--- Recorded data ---
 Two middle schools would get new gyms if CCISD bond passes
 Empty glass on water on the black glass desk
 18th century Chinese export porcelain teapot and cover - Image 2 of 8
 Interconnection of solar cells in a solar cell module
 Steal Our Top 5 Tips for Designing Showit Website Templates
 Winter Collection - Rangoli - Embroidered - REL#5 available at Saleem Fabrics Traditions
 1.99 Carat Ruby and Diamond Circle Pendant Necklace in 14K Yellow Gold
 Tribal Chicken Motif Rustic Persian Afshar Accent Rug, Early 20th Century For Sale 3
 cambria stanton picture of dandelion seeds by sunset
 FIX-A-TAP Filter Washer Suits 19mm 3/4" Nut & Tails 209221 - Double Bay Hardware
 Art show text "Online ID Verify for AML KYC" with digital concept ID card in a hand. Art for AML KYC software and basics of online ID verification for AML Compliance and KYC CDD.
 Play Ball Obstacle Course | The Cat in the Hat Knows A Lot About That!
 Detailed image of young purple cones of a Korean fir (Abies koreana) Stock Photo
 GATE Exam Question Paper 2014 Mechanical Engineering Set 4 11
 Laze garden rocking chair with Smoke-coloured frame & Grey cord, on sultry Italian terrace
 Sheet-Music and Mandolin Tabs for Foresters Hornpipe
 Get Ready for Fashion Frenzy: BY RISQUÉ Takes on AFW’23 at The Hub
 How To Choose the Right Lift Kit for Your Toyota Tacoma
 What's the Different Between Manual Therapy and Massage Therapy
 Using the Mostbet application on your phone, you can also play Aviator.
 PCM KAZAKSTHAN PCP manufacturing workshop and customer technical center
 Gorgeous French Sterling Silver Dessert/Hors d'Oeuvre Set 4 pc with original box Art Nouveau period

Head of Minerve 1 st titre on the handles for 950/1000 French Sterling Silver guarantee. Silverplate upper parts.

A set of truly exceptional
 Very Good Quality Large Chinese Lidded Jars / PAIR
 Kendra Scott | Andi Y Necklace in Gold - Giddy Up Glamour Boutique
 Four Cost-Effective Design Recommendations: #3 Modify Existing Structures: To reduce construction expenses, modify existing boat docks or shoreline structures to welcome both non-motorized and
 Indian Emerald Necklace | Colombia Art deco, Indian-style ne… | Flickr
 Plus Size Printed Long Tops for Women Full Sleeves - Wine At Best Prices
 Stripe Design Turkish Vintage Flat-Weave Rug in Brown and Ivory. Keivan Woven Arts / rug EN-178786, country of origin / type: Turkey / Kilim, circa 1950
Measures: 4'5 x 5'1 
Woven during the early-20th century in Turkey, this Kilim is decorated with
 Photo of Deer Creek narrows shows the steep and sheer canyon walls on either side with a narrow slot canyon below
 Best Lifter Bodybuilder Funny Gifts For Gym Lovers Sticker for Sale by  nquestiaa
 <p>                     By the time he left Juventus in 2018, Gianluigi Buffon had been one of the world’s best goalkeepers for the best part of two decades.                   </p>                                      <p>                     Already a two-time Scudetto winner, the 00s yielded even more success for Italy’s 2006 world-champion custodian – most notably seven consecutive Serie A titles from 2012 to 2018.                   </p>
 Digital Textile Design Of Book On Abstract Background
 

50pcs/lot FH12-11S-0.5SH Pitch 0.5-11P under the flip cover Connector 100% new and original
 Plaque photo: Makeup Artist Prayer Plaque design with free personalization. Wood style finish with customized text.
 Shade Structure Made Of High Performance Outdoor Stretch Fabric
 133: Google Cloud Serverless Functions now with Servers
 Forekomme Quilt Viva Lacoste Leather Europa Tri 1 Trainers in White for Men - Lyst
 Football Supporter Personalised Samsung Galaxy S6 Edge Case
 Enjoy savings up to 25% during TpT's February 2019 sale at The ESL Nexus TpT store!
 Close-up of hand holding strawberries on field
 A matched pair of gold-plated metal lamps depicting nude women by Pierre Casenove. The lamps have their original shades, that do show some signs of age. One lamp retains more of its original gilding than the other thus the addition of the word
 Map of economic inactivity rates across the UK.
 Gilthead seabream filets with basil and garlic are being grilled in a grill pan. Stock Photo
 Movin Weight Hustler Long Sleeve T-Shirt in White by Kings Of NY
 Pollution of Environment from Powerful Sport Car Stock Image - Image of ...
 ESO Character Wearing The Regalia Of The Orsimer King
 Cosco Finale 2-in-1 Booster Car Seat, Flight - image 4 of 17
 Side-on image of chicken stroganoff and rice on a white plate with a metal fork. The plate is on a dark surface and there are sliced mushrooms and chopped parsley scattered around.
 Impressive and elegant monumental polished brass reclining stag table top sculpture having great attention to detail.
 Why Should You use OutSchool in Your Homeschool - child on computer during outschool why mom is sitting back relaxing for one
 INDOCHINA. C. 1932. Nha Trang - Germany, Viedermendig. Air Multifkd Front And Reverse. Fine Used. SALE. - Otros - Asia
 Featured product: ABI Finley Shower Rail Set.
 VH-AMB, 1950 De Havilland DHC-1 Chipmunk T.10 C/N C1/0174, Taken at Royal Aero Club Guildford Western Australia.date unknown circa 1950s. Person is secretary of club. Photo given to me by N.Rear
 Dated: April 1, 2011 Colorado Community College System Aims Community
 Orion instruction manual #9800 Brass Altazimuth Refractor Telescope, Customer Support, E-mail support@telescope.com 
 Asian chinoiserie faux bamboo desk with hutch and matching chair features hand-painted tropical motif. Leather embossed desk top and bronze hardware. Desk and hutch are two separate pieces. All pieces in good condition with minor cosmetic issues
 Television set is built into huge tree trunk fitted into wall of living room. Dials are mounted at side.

--- What to do ---
Whenever a line of the records holds the string "Long", pick it out and copy it.

--- Solution ---
 Plus Size Printed Long Tops for Women Full Sleeves - Wine At Best Prices
 Movin Weight Hustler Long Sleeve T-Shirt in White by Kings Of NY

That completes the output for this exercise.